On busy container servers reading /proc/locks shows all the locks
created by all clients. This can cause large latency spikes. In my
case I observed lsof taking up to 5-10 seconds while processing around
50k locks. Fix this by limiting the locks shown only to those created
in the same pidns as the one the proc fs was mounted in. When reading
/proc/locks from the init_pid_ns proc instance then perform no
filtering

Signed-off-by: Nikolay Borisov <kernel@kyup.com>
---
 fs/locks.c | 4 ++++
 1 file changed, 4 insertions(+)

Patch hide | download patch | download mbox

diff --git a/fs/locks.c b/fs/locks.c
index ee1b15f6fc13..df038c27b19f 100644
--- a/fs/locks.c
+++ b/fs/locks.c
@@ -2648,9 +2648,13 @@  static int locks_show(struct seq_file *f, void *v)
 {
 	struct locks_iterator *iter = f->private;
 	struct file_lock *fl, *bfl;
+	struct pid_namespace *proc_pidns = file_inode(f->file)->i_sb->s_fs_info;
 
 	fl = hlist_entry(v, struct file_lock, fl_link);
 
+	if (fl->fl_nspid && !pid_nr_ns(fl->fl_nspid, proc_pidns))
+		return 0;
+
 	lock_get_status(f, fl, iter->li_pos, "");
 
 	list_for_each_entry(bfl, &fl->fl_block, fl_block)

Comments

Jeff Layton Aug. 4, 2016, 11:29 a.m.
On Thu, 2016-08-04 at 10:26 +0300, Nikolay Borisov wrote:
> On busy container servers reading /proc/locks shows all the locks
> created by all clients. This can cause large latency spikes. In my
> case I observed lsof taking up to 5-10 seconds while processing around
> 50k locks. Fix this by limiting the locks shown only to those created
> in the same pidns as the one the proc fs was mounted in. When reading
> /proc/locks from the init_pid_ns proc instance then perform no
> filtering
> 
> > Signed-off-by: Nikolay Borisov <kernel@kyup.com>
> ---
>  fs/locks.c | 4 ++++
>  1 file changed, 4 insertions(+)
> 
> diff --git a/fs/locks.c b/fs/locks.c
> index ee1b15f6fc13..df038c27b19f 100644
> --- a/fs/locks.c
> +++ b/fs/locks.c
> @@ -2648,9 +2648,13 @@ static int locks_show(struct seq_file *f, void *v)
>  {
> >  	struct locks_iterator *iter = f->private;
> >  	struct file_lock *fl, *bfl;
> > +	struct pid_namespace *proc_pidns = file_inode(f->file)->i_sb->s_fs_info;
>  
> >  	fl = hlist_entry(v, struct file_lock, fl_link);
>  
> > +	if (fl->fl_nspid && !pid_nr_ns(fl->fl_nspid, proc_pidns))
> > +		return 0;
> +
> >  	lock_get_status(f, fl, iter->li_pos, "");
>  
> >  	list_for_each_entry(bfl, &fl->fl_block, fl_block)

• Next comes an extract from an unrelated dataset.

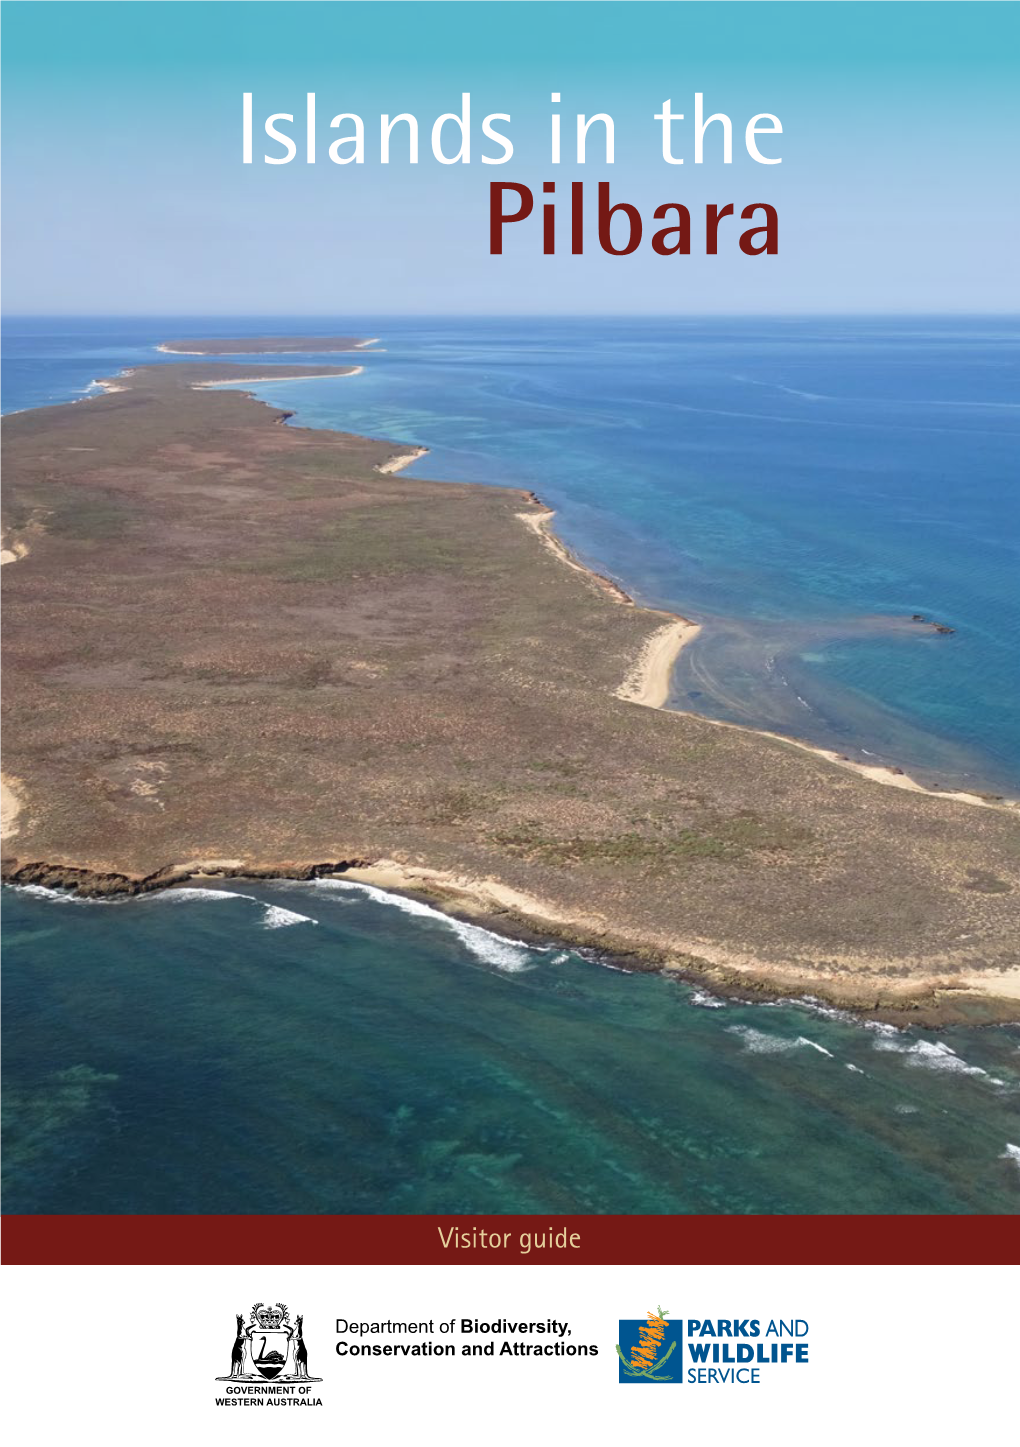 Islands in the Pilbara
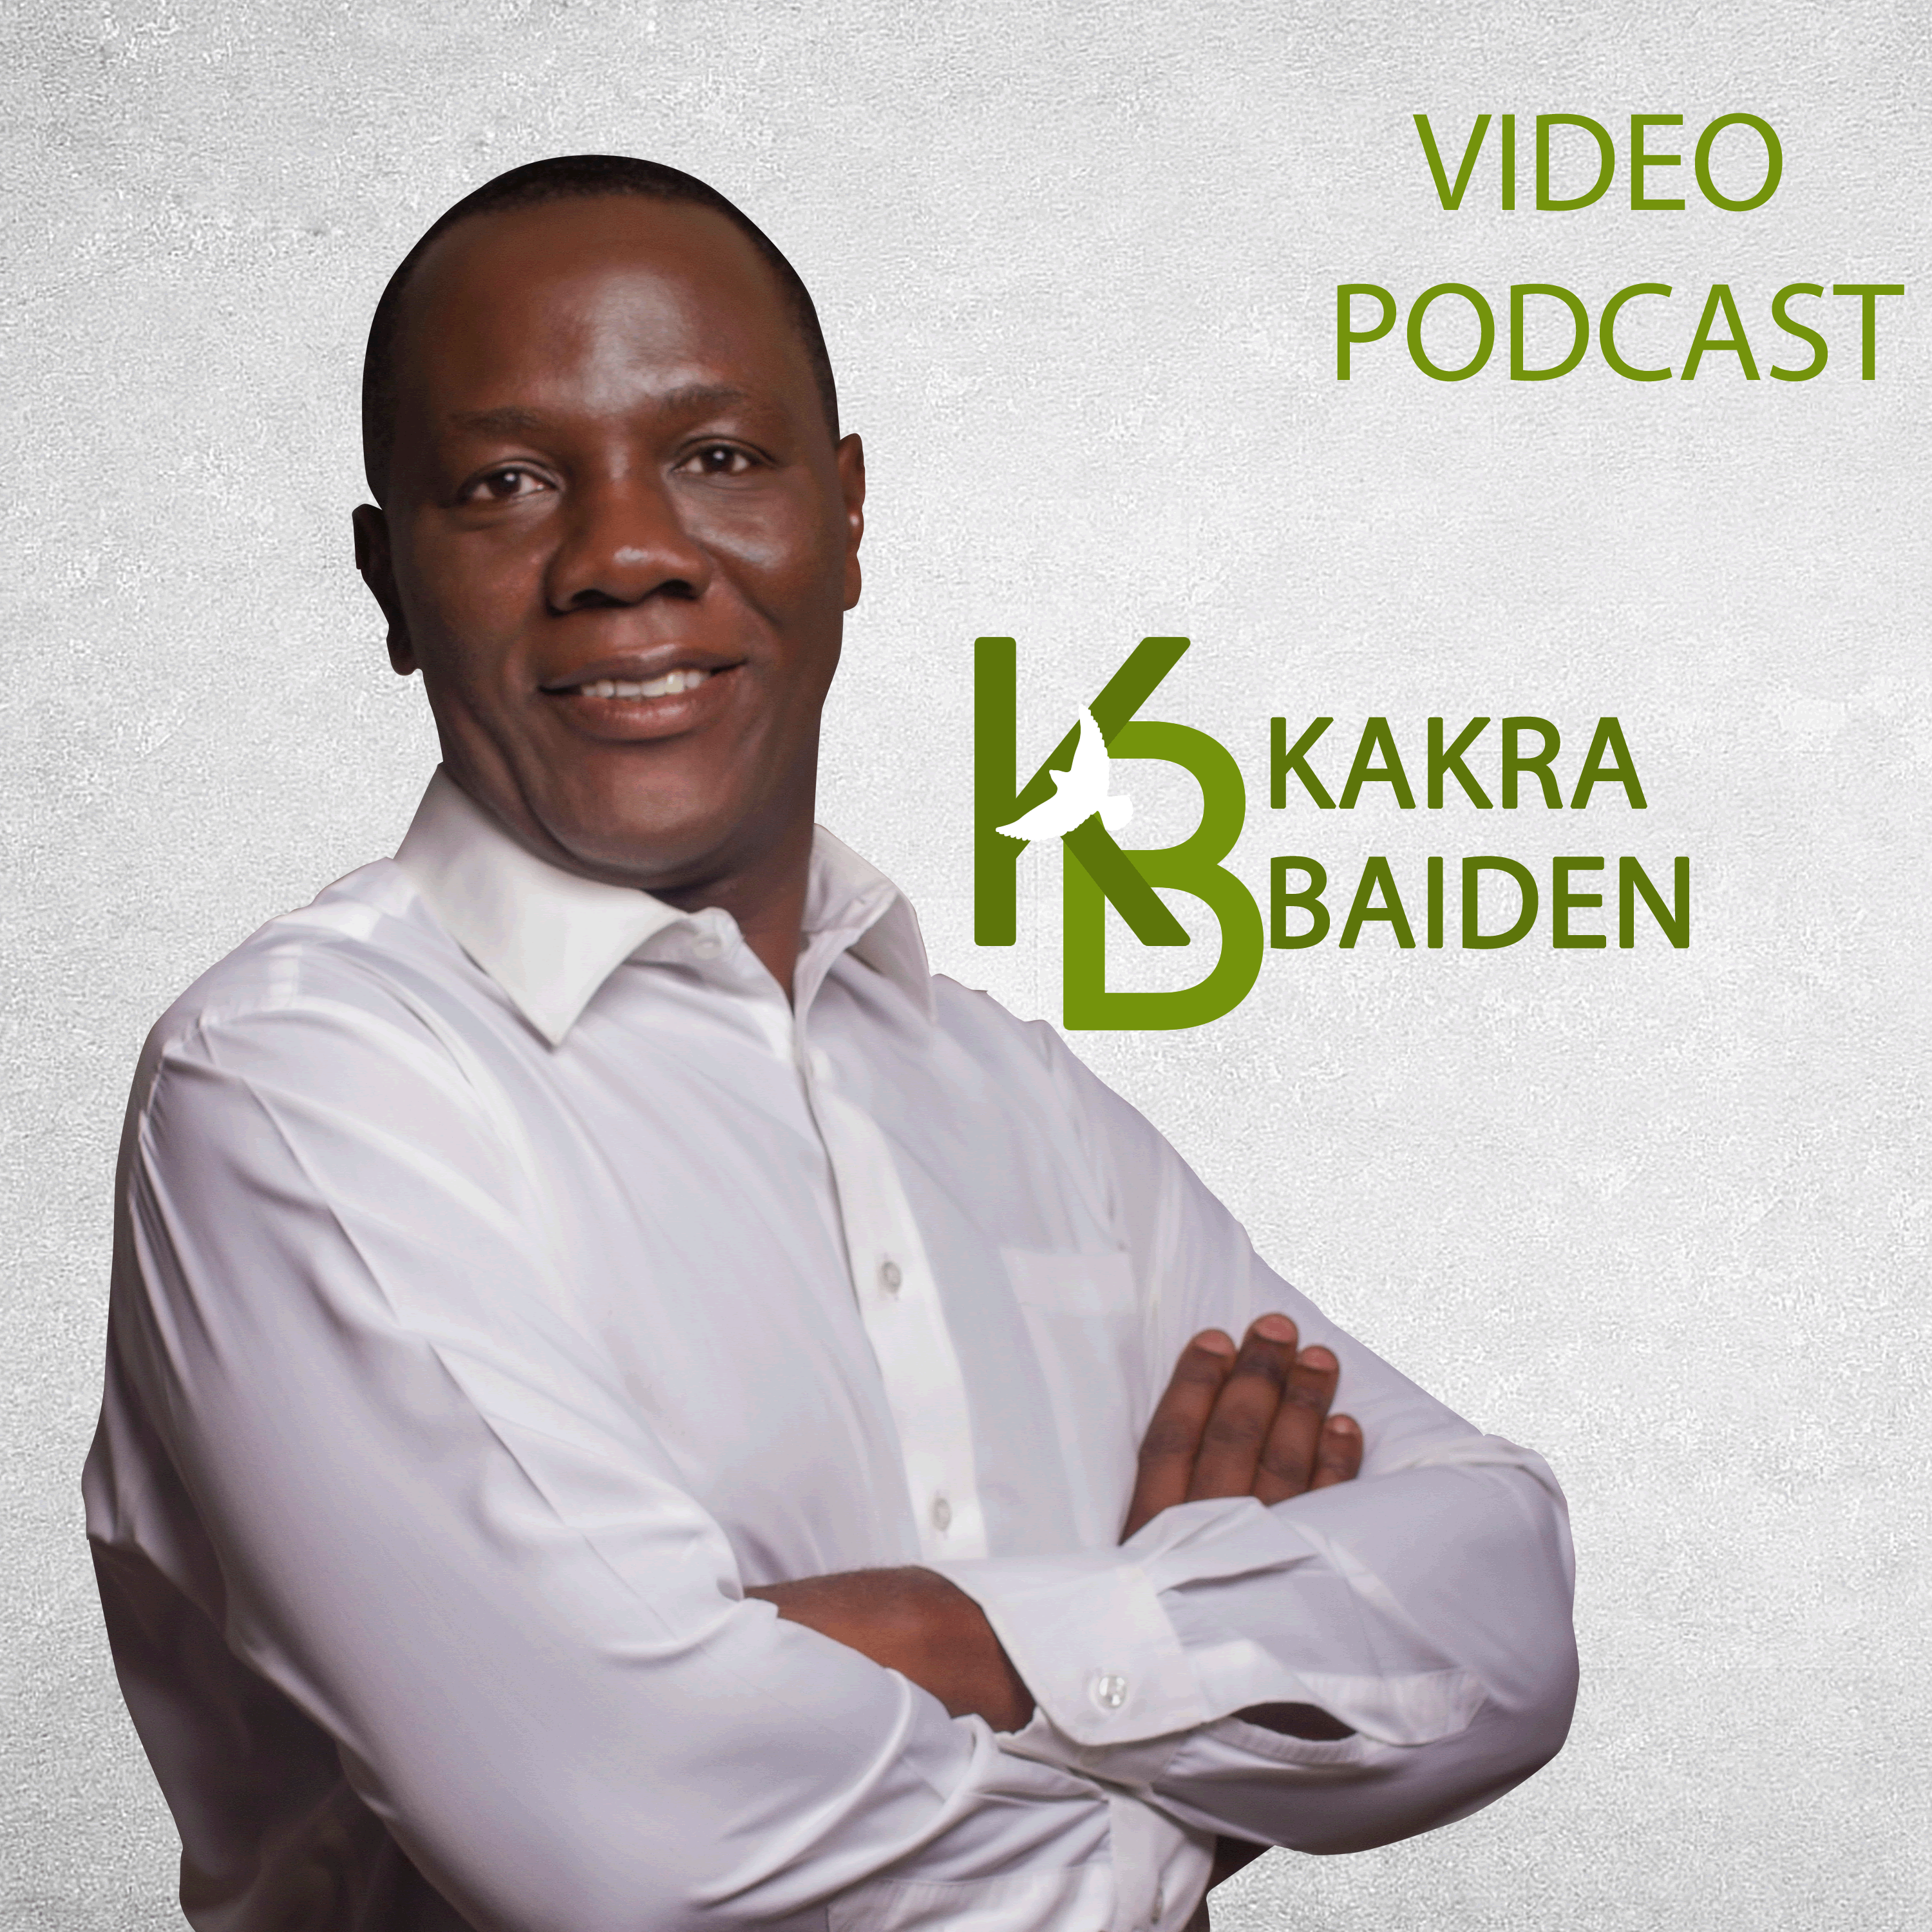 Kakra Baiden Video Podcast on Jamit

Looks reasonable to me. Eric, any comments? If this looks alright I'll
go ahead and merge into my -next branch for v4.9.

Thanks,
Eric W. Biederman Aug. 4, 2016, 2:09 p.m.
Jeff Layton <jlayton@poochiereds.net> writes:

> On Thu, 2016-08-04 at 10:26 +0300, Nikolay Borisov wrote:
>> On busy container servers reading /proc/locks shows all the locks
>> created by all clients. This can cause large latency spikes. In my
>> case I observed lsof taking up to 5-10 seconds while processing around
>> 50k locks. Fix this by limiting the locks shown only to those created
>> in the same pidns as the one the proc fs was mounted in. When reading
>> /proc/locks from the init_pid_ns proc instance then perform no
>> filtering
>> 
>> > Signed-off-by: Nikolay Borisov <kernel@kyup.com>
>> ---
>>  fs/locks.c | 4 ++++
>>  1 file changed, 4 insertions(+)
>> 
>> diff --git a/fs/locks.c b/fs/locks.c
>> index ee1b15f6fc13..df038c27b19f 100644
>> --- a/fs/locks.c
>> +++ b/fs/locks.c
>> @@ -2648,9 +2648,13 @@ static int locks_show(struct seq_file *f, void *v)
>>  {
>> >  	struct locks_iterator *iter = f->private;
>> >  	struct file_lock *fl, *bfl;
>> > +	struct pid_namespace *proc_pidns = file_inode(f->file)->i_sb->s_fs_info;
>>  
>> >  	fl = hlist_entry(v, struct file_lock, fl_link);
>>  
>> > +	if (fl->fl_nspid && !pid_nr_ns(fl->fl_nspid, proc_pidns))
>> > +		return 0;
>> +
>> >  	lock_get_status(f, fl, iter->li_pos, "");
>>  
>> >  	list_for_each_entry(bfl, &fl->fl_block, fl_block)
>
> Looks reasonable to me. Eric, any comments? If this looks alright I'll
> go ahead and merge into my -next branch for v4.9.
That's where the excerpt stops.